Tests are green. Commit: Convert Ship to FlyingObject with explicit parameters.

Now let’s see if we can convert the Asteroid to a FlyingObject. We’ll just edit all the references:

``````    @Test
fun `collision calculation`() {
val ship = FlyingObject(
Vector2.ZERO,
Vector2.ZERO,
Vector2.ZERO,
100.0
)
val asteroid = FlyingObject(
position = Vector2.ZERO,
velocity = Vector2.ZERO,
acceleration = Vector2.ZERO,
)
assertThat(ship.collides(asteroid)).describedAs("on top").isEqualTo(true)
var rotated = tooFar.rotate(37.0)
ship.position = rotated
assertThat(ship.collides(asteroid)).describedAs("too far").isEqualTo(false)
rotated = closeEnough.rotate(37.0)
ship.position = rotated
assertThat(ship.collides(asteroid)).describedAs("too close").isEqualTo(true)
}
``````

The tests are green. I think I can remove Asteroid class. Yes. Test. Green. Commit: Both ship and asteroid are now instances of FlyingObject.

Now let’s see about reasonable constructors or factory methods or something.

``````class FlyingObject ...
companion object {
fun asteroid(pos:Vector2, vel: Vector2): FlyingObject {
return FlyingObject(pos, vel, Vector2.ZERO, 1000.0 )
}
}
``````

That seems to do the trick. Let’s do one for ship also.

``````        fun ship(pos:Vector2, control:Controls= Controls()): FlyingObject {
return FlyingObject(
position = pos,
velocity = Vector2.ZERO,
acceleration = Vector2(60.0, 0.0),
controls = control
)
}
``````

And the tests convert nicely, looking like this:

``````    @Test
fun `Asteroids Exist and Move`() {
val asteroid = FlyingObject.asteroid(
Vector2.ZERO,
Vector2(15.0,30.0)
)
asteroid.update(tick*60)
checkVector(asteroid.position, Vector2(15.0, 30.0),"asteroid position")
}

@Test
fun `ship can turn right`() {
val control = Controls()
val ship = FlyingObject.ship(Vector2.ZERO, control)
control.right = true
ship.update(tick*10)
assertThat(ship.pointing).isEqualTo(-60.0, within(0.01))
}
``````

All the ship creations are down to just one or two parameters, since I’m defaulting the controls.

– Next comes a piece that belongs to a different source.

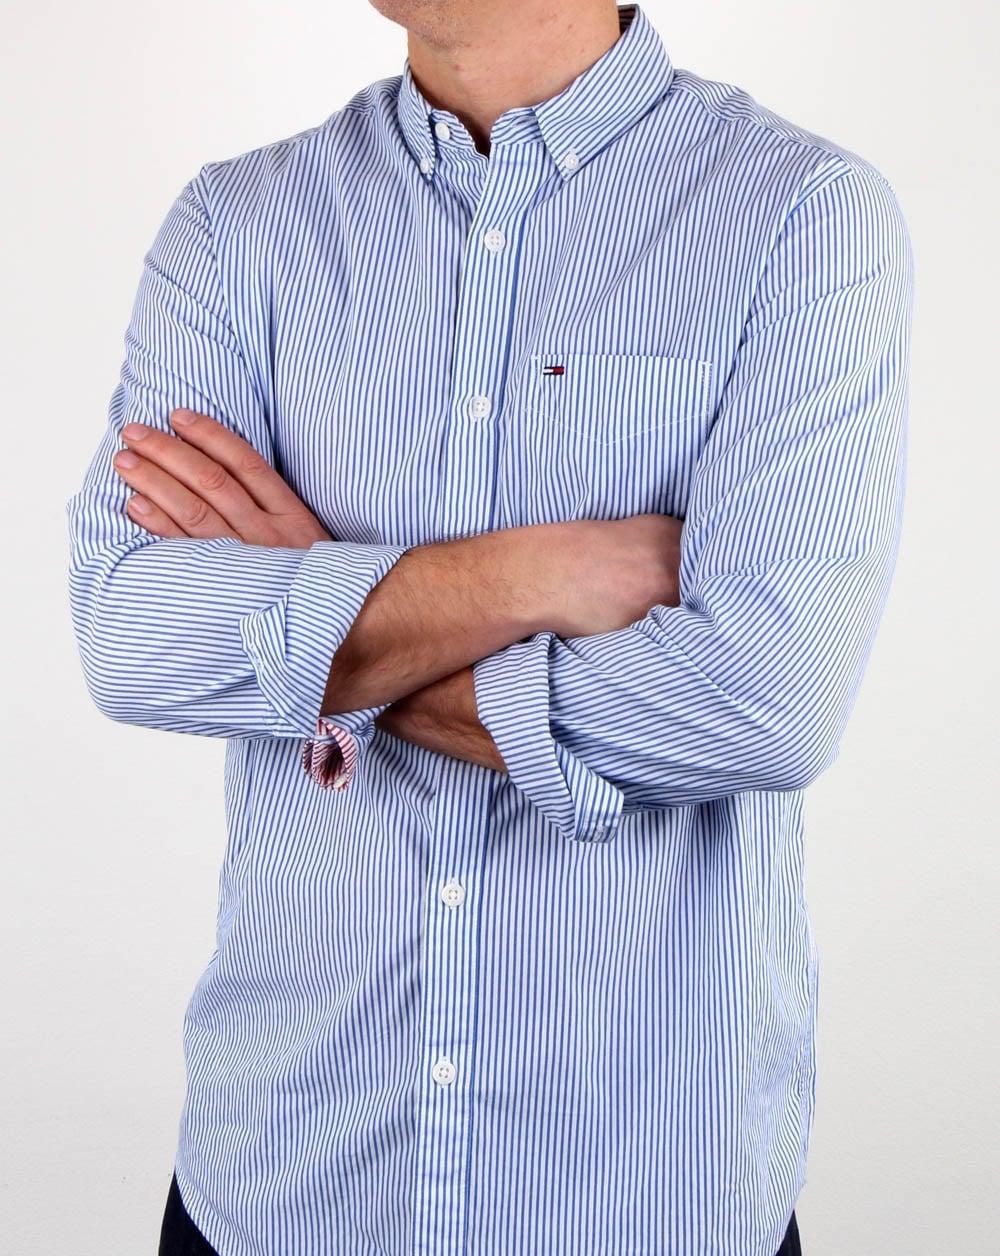 Tommy hilfiger classic stripe shirt white blue mens for Tommy hilfiger fitzgerald striped shirt

I could imagine even simpler tests, but these aren’t bad.

Let’s sum up.

## Summary

I set out to add an Asteroid class, did so, then implemented a starting `collides` method, then removed the duplication by making the Ship class into FlyingObject, then converting my only asteroid code to use FlyingObject. Then I created two convenience constructors, `FlyingObject.ship` and `FlyingObject.asteroid`, which went easily once I realized that companion object is how you do that. Converting to use them was tedious and error-prone but of course the changes were all in tests, so the immediate failure of a test told me I’d done it wrong.

We’ll need a few tweaks to `collide`, depending on how we manage the universe, most likely just making sure that objects don’t collide with themselves. That would be awkward.

The code is simpler. I’ve removed an entire class (all three methods of it) and simplified the tests.